GitHub 自己開發的搜尋引擎

前陣子 GitHub 發了一篇文章,說明自己開發搜尋引擎的心路歷程:「The technology behind GitHub’s new code search」。

看了一下其實就是自己幹了一套 search engine cluster,然後針對 code search 把一些功能放進去。

目前這套 search enginer 還是 beta 版本,全站兩億個 repository 只包括了 4500 萬 (大概 22% 左右),然後已經有 115TB 的程式碼了;另外也題到了先前導入 Elasticsearch 時的數字是 800 萬個 repository:

GitHub’s scale is truly a unique challenge. When we first deployed Elasticsearch, it took months to index all of the code on GitHub (about 8 million repositories at the time). Today, that number is north of 200 million, and that code isn’t static: it’s constantly changing and that’s quite challenging for search engines to handle. For the beta, you can currently search almost 45 million repositories, representing 115 TB of code and 15.5 billion documents.

目前是 32 台機器,沒有特別提到記憶體大小,也沒有提到 replication 之類的數字:

Code search runs on 64 core, 32 machine clusters.

然後各種 inverted index 與各種資料在壓縮後只有 25TB:

There are some big wins on the size of the index as well. Remember that we started with 115 TB of content that we want to search. Content deduplication and delta indexing brings that down to around 28 TB of unique content. And the index itself clocks in at just 25 TB, which includes not only all the indices (including the ngrams), but also a compressed copy of all unique content. This means our total index size including the content is roughly a quarter the size of the original data!

換算一下,就會發現現在已經是「暴力」可以解很多事情的年代了,而這已經是全世界最大的 code hosting。

以前隨便一個主題搞大一點就會撞到 Amdahl's law,現在輕鬆不少...

Yahoo! 要重新搞搜尋引擎?

看到 Hacker News 上提到 Y! 要重新搞 search engine 的消息:「Yahoo is making a return to search」,HN 上的討論在「Yahoo is making a return to search (searchengineland.com)」這邊。

跡象包括了招募資訊與 Twitter 帳號 @YahooSearch 的重啟,還有 LinkedIn 上一些 Y! 的高層公開提到這次的招募。

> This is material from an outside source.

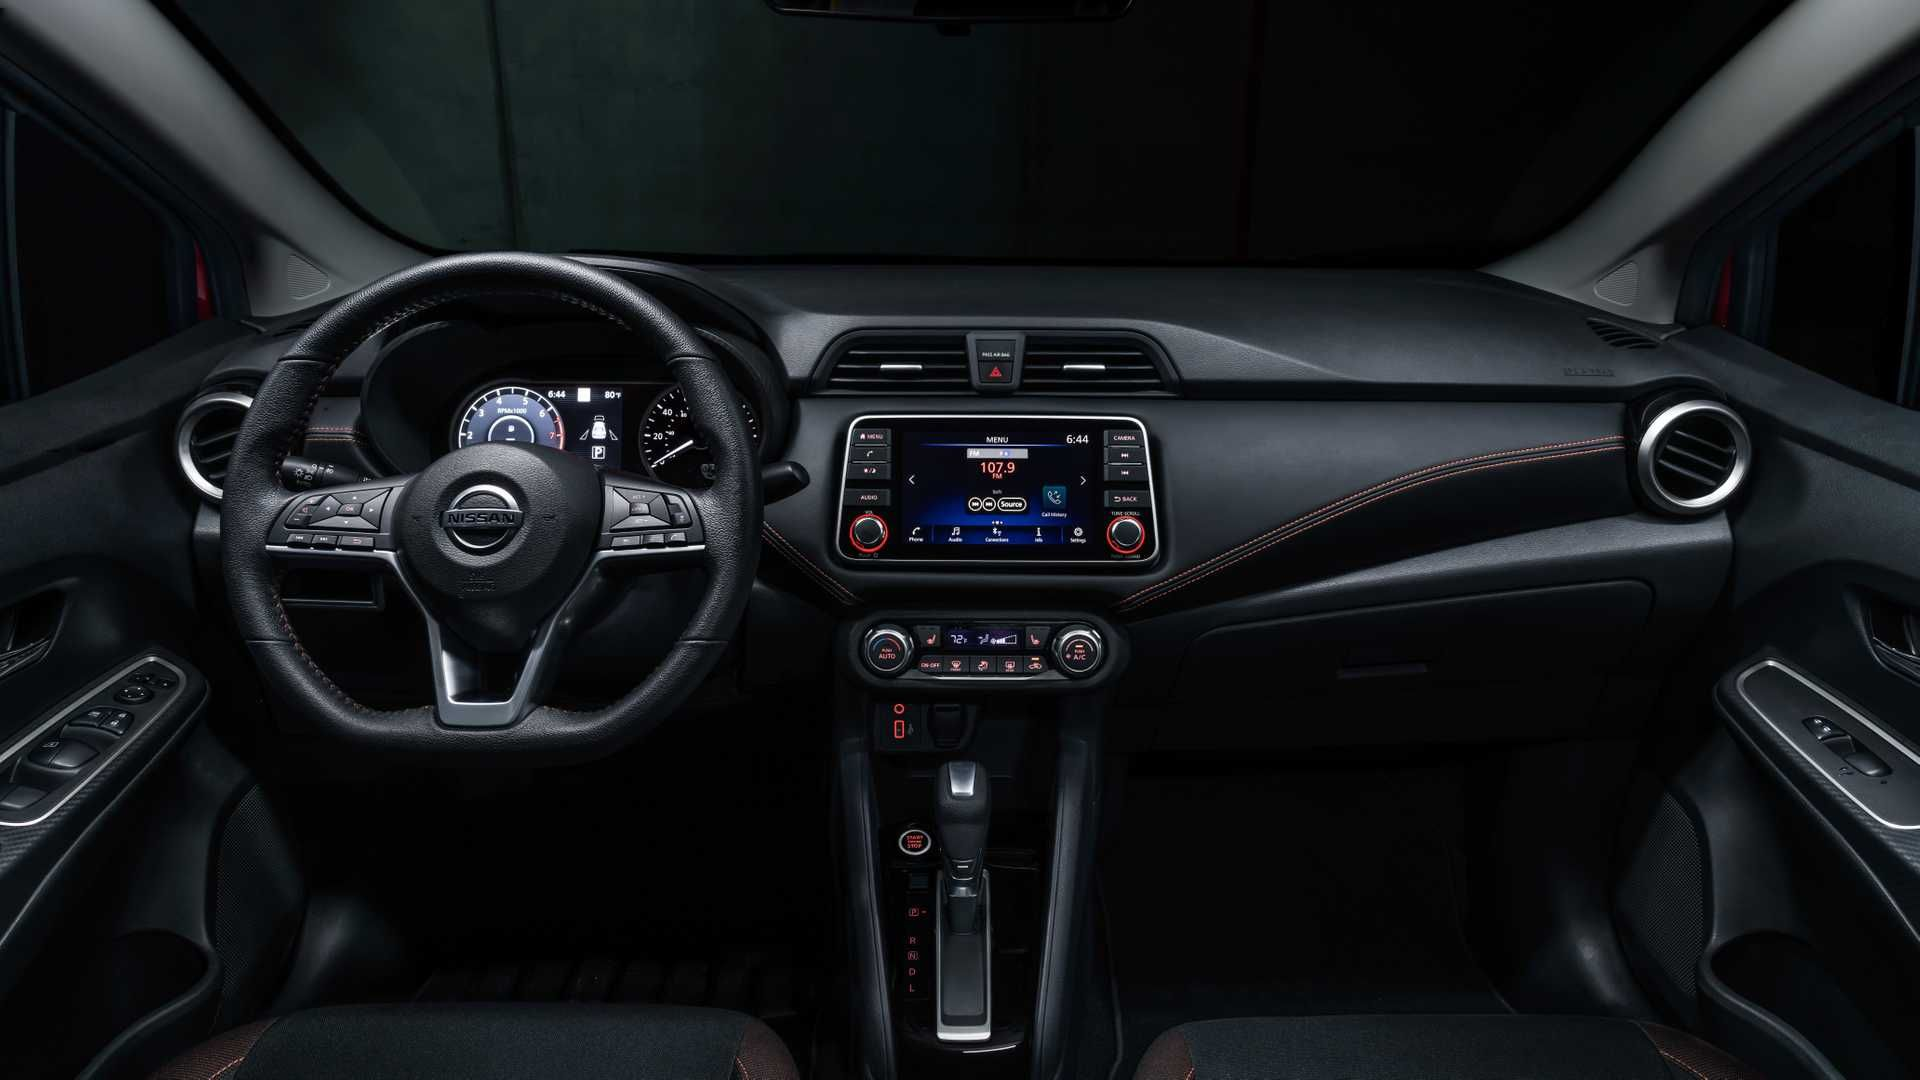 Perfect Nissan Versa Advance 2020 Interior And View Di 2020

現在的 Yahoo! Search 應該是 Bing 的資料 (很久沒有聽到新的消息了),至少從維基百科上面看到的說明提到 2019/10 後就又跳回 Bing 了:

As of October 2019, Yahoo! Search is once again powered by Bing.

這樣可以讓市場再多一點變化?

FBI 建議用擋廣告軟體降低瀏覽時的風險

在「Even the FBI says you should use an ad blocker」這邊看到的新聞,FBI 的公告則是在「Cyber Criminals Impersonating Brands Using Search Engine Advertisement Services to Defraud Users」這邊可以看到。

起因是有很多網路犯罪行為會透過購買廣告,在搜尋引擎上曝光誘導使用者點擊:

Cyber criminals purchase advertisements that appear within internet search results using a domain that is similar to an actual business or service. When a user searches for that business or service, these advertisements appear at the very top of search results with minimum distinction between an advertisement and an actual search result. These advertisements link to a webpage that looks identical to the impersonated business’s official webpage.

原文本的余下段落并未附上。